Following the American Civil War Sesquicentennial with day by day writings of the time, currently 1863.

Post image for Three Years in the Confederate Horse Artillery — George Michael Neese.

Three Years in the Confederate Horse Artillery — George Michael Neese.

August 12, 2014

Three Years in the Confederate Horse Artillery — George Michael Neese.

August 12 — This morning at daylight we renewed our march and moved to Richmond, where we put our guns on the cars for shipment to Gordonsville; then we moved with our horses out on the Brook turnpike to Brook Church, some two or three miles northwest of Richmond, and camped.
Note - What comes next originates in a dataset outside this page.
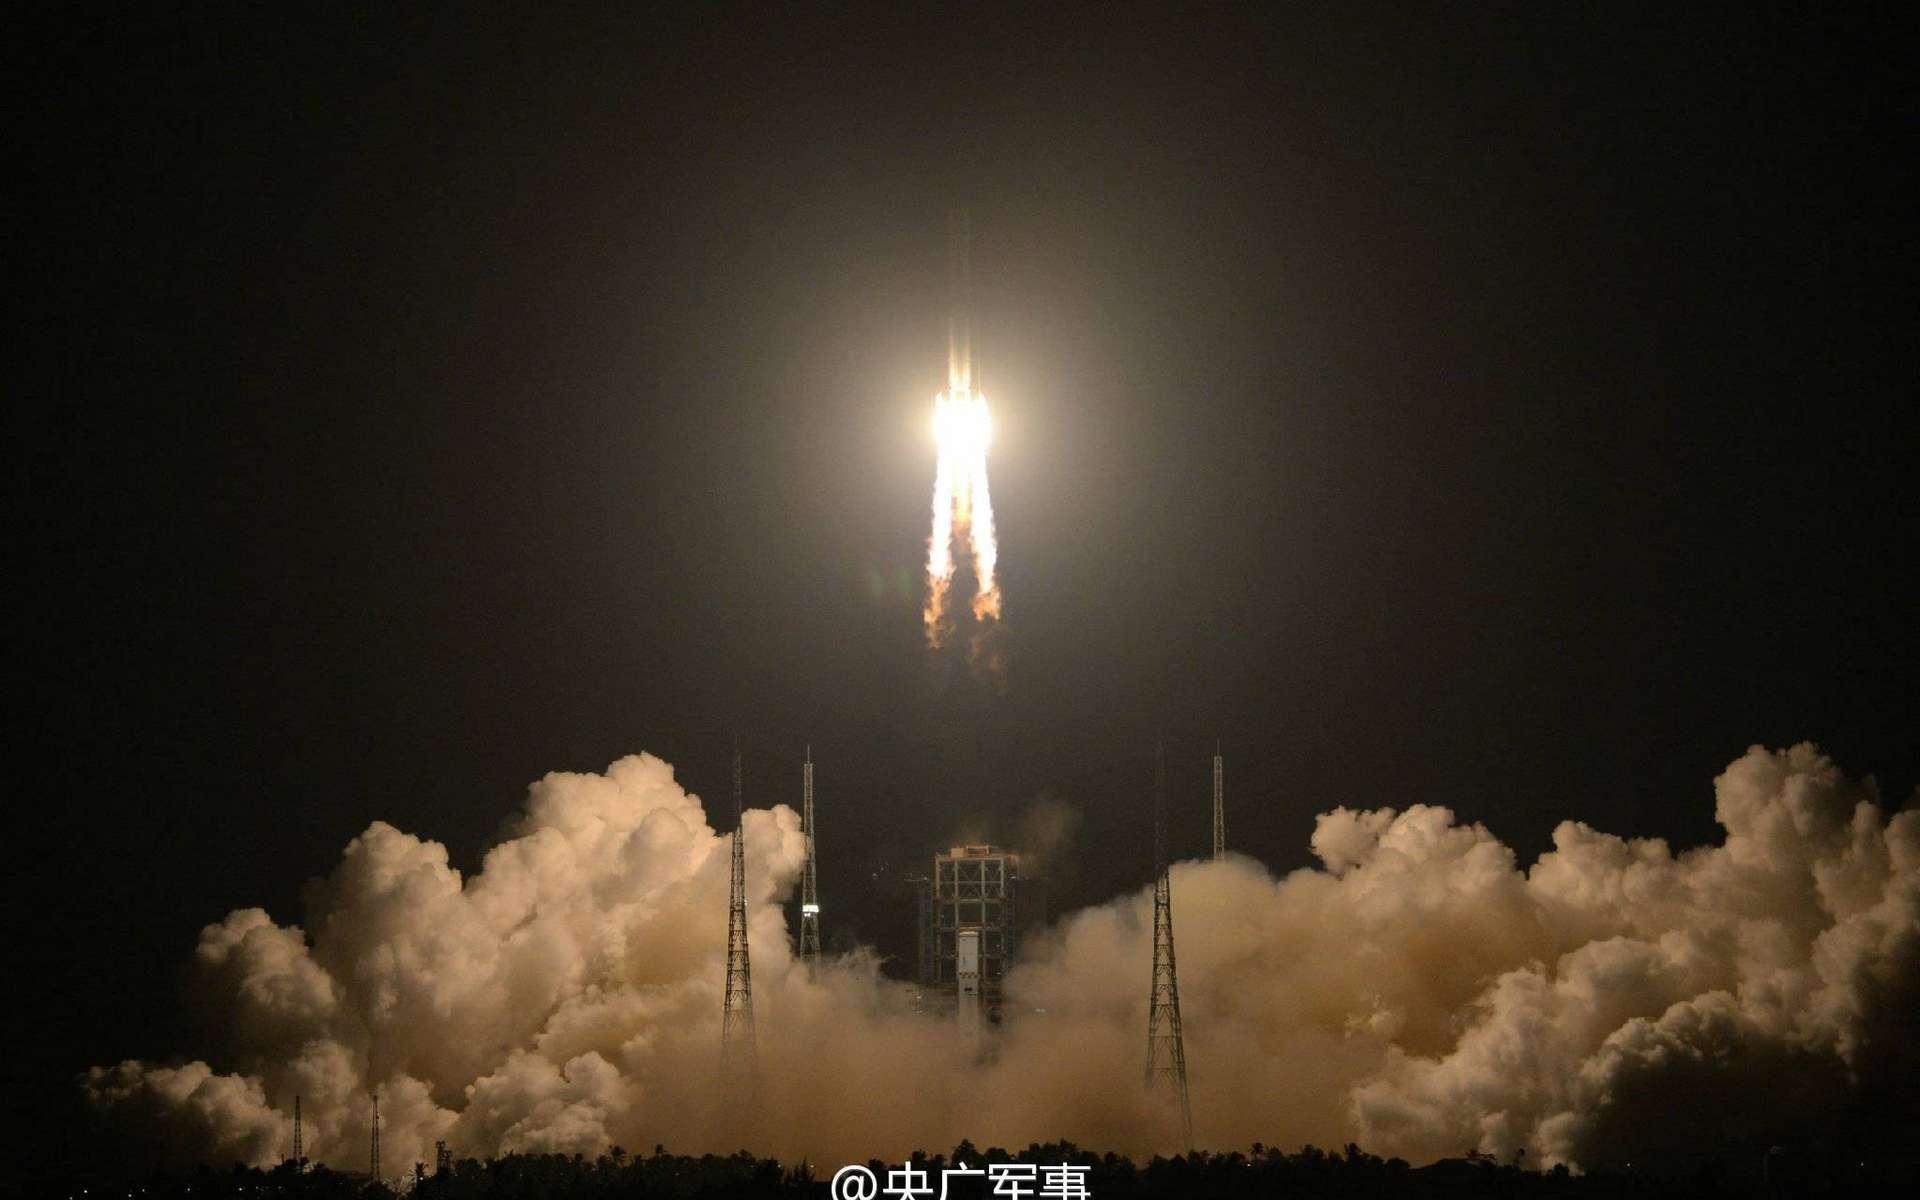 Décollage du Longue Marche 5 (CZ-5) pour son premier vol d'essai, le 3 novembre, depuis Wenchang, le nouveau site de lancement chinois situé sur l'île d'Hainan. © DR

The pike between Richmond and Petersburg almost touches the James River at Drewry’s Bluff. Our battery halted near the bluff to-day, and I went and looked at the heavy battery there, and its environments. Drewry’s Bluff, in the strict sense of the word, is no bluff, but only an abrupt dipping down, to the waters of the James, of an elevated and wooded plateau of a Chesterfield landscape. A little way from the top of the declivitous slope the battery is advantageously located by being countersunk into the face of the hill, giving the guns a sweeping command of the river below; of course the defense is no Gibraltar, by any means. The siege guns are of heavy caliber, and the whole battery has a first-class, sweeping range down the river. Right at the bluff the river makes a turn to the left,— the battery being on the right bank,— which gives the guns an excellent and perfect line range for several miles down the river. At the bluff the river is comparatively narrow, but widens out considerably into a broad and beautiful sheet of water just below the battery. Drewry’s Bluff is about nine miles below Richmond, in Chesterfield County. From what little I observed today it seems to me that the service of a heavy artilleryman at Drewry’s Bluff is much easier than the service of a horse artilleryman in the field. There the men are in good comfortable quarters month in and month out, year in and year out, with rations regular, while we are everlastingly marching and racing through sunshine and rain, sometimes day and night, pursuing or being pursued, over hill and dale, mountain and plain, like the fleet-winged wind and sometimes almost as empty, especially so when the rations burn low in the haversack.